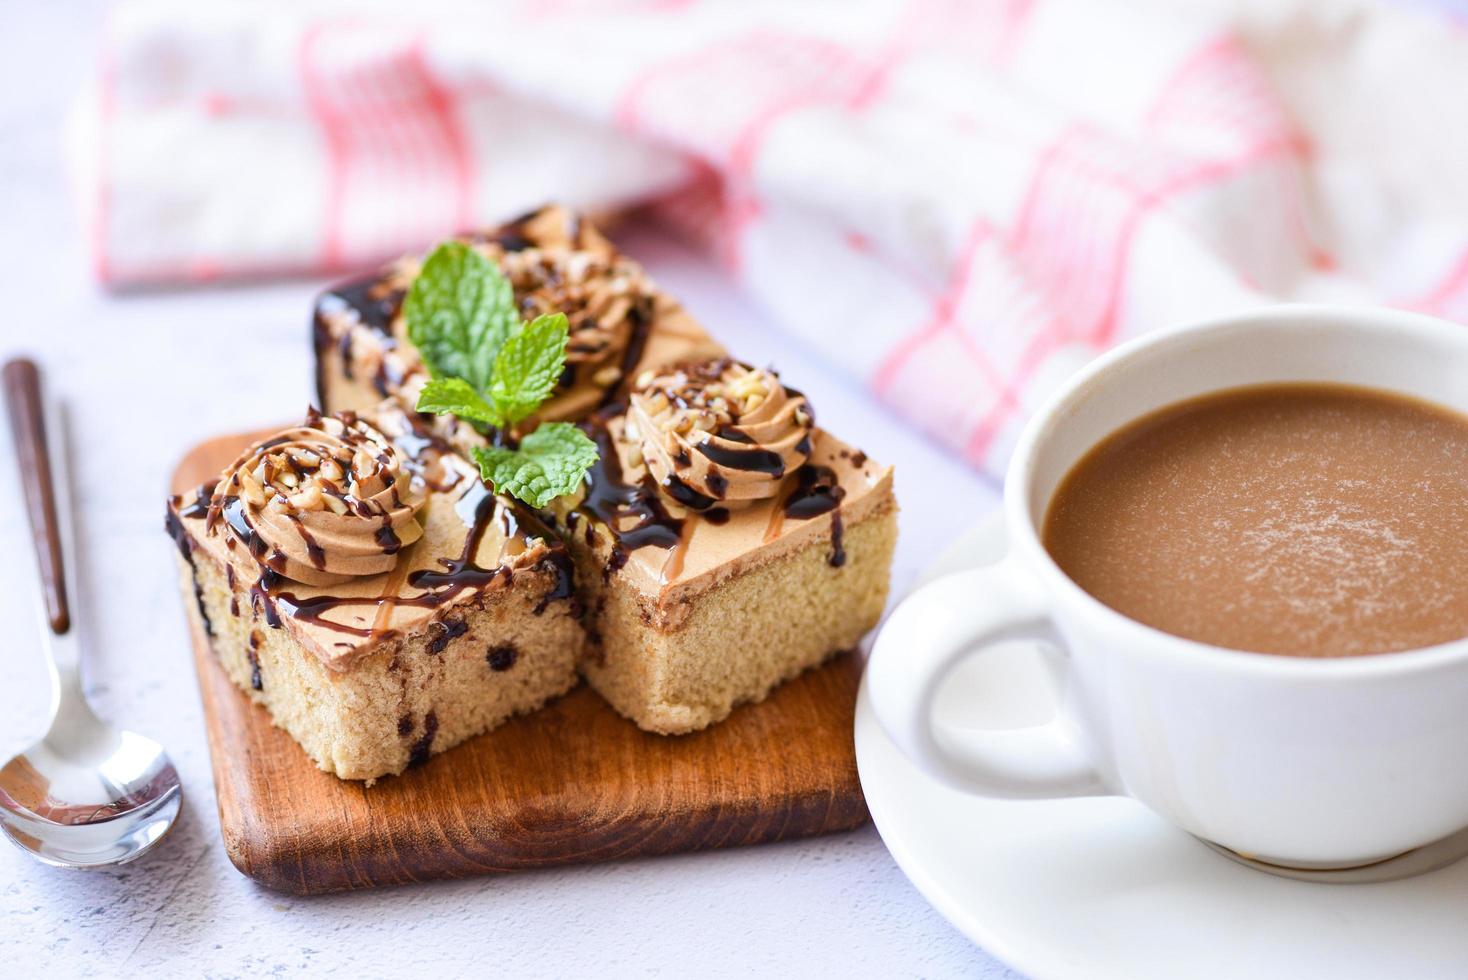 gâteau au café délicieux dessert servi sur la table - tranche de gâteau au chocolat sur fond de planche de bois avec feuille de menthe et tasse de café pour le petit déjeuner photo
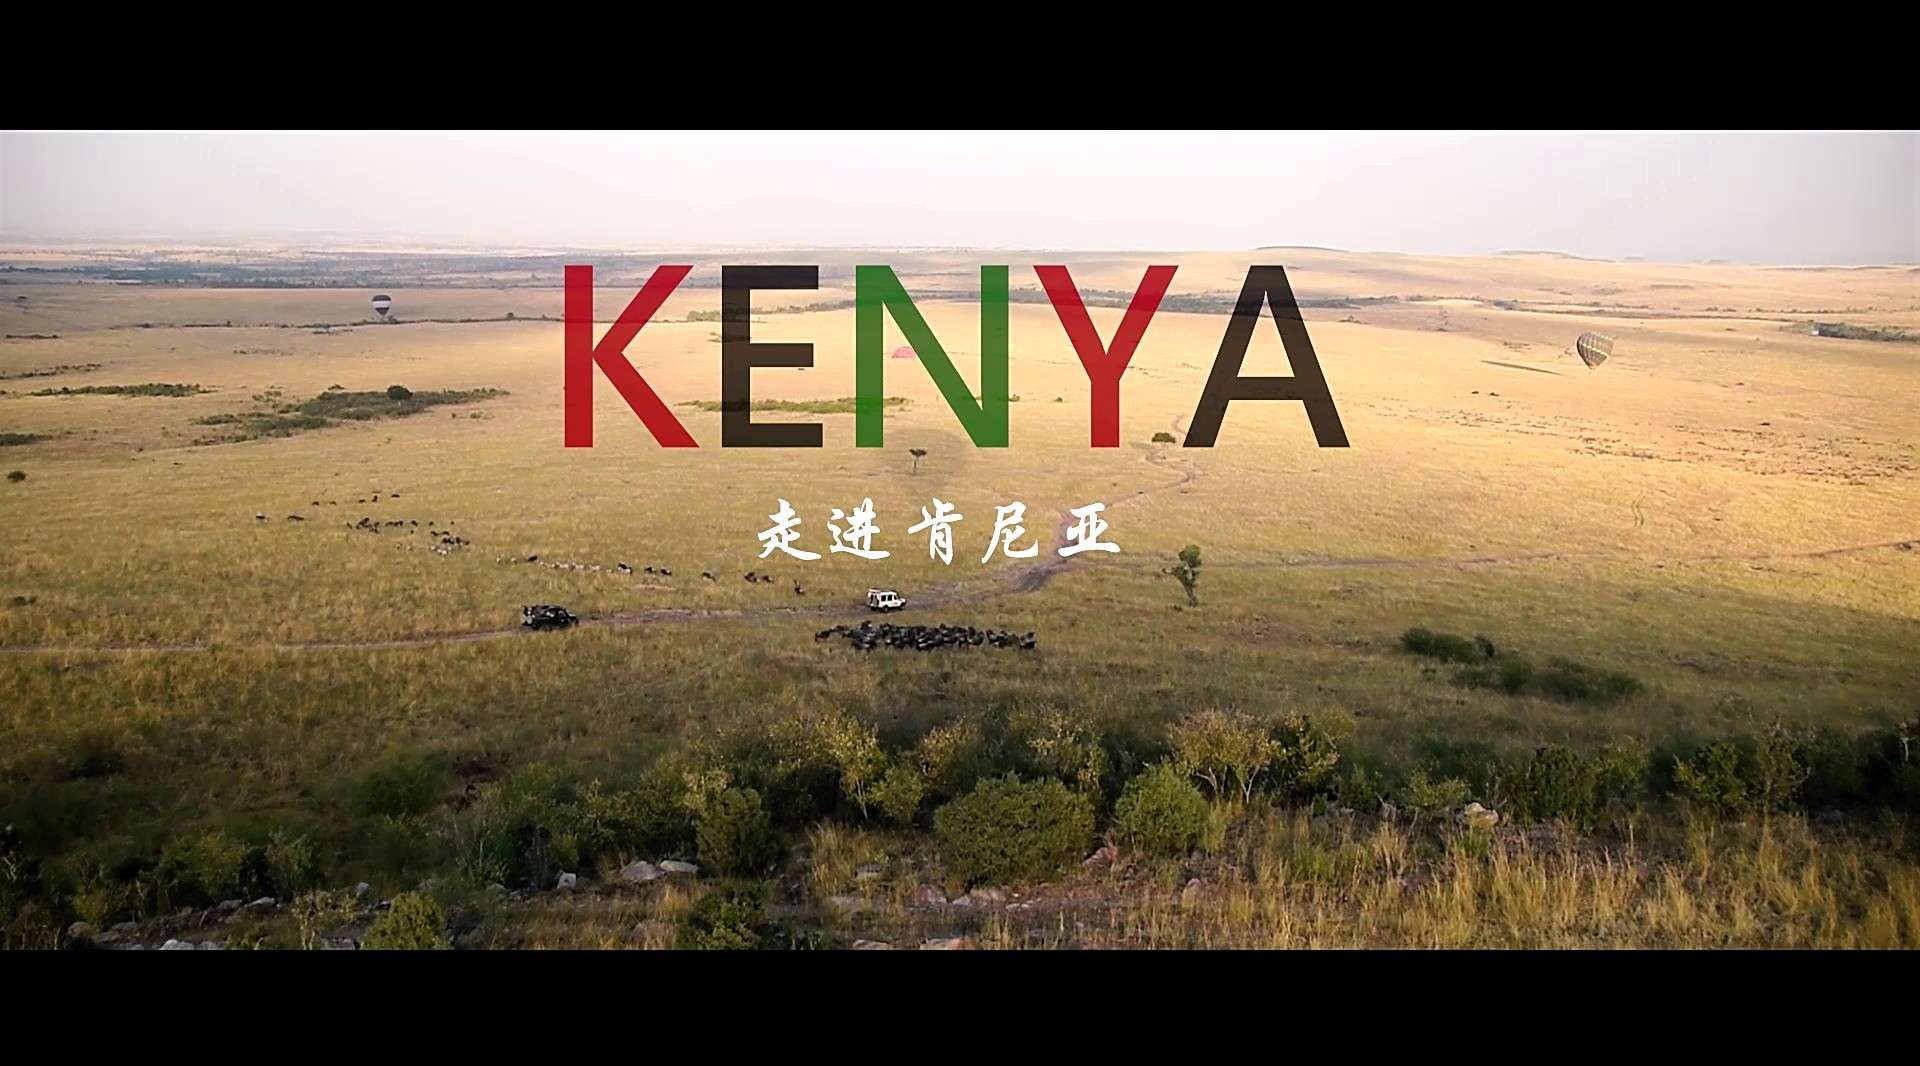 《走进肯尼亚》旅行纪录片 2017年8月作品
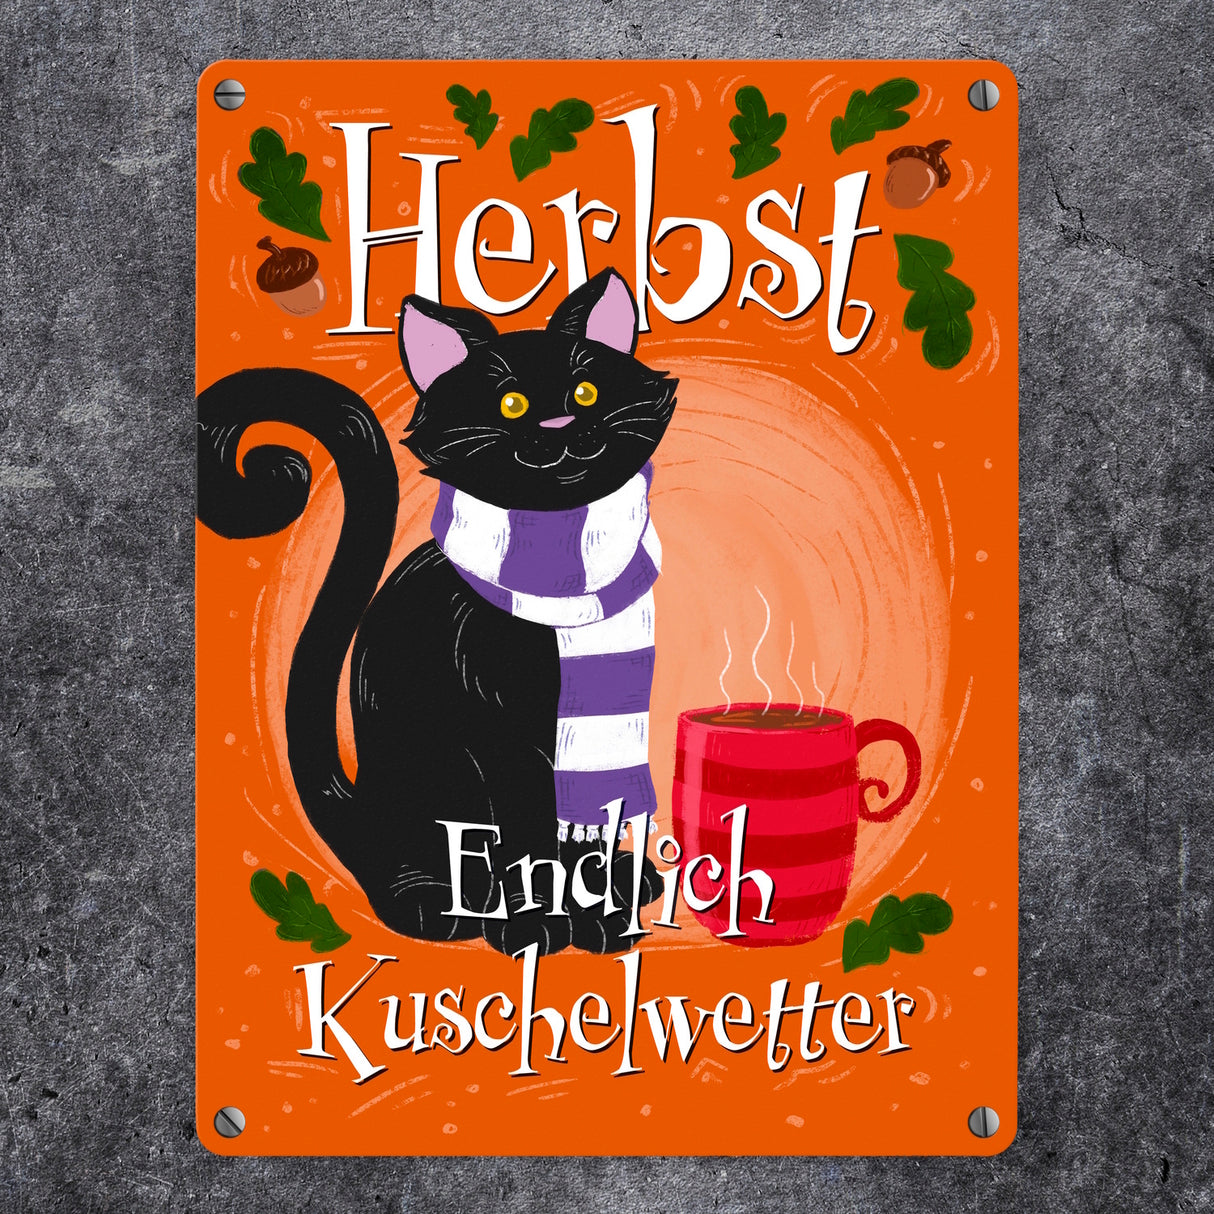 Herbst - Endlich Kuschelwetter Metallschild mit schwarzer Katze

WHAT YOU WILL DO:
Print the material exactly as given, but not the pictures.

RESPONSE:
 gâteau au café délicieux dessert servi sur la table - tranche de gâteau au chocolat sur fond de planche de bois avec feuille de menthe et tasse de café pour le petit déjeuner photo
 《走进肯尼亚》旅行纪录片 2017年8月作品
 Herbst - Endlich Kuschelwetter Metallschild mit schwarzer Katze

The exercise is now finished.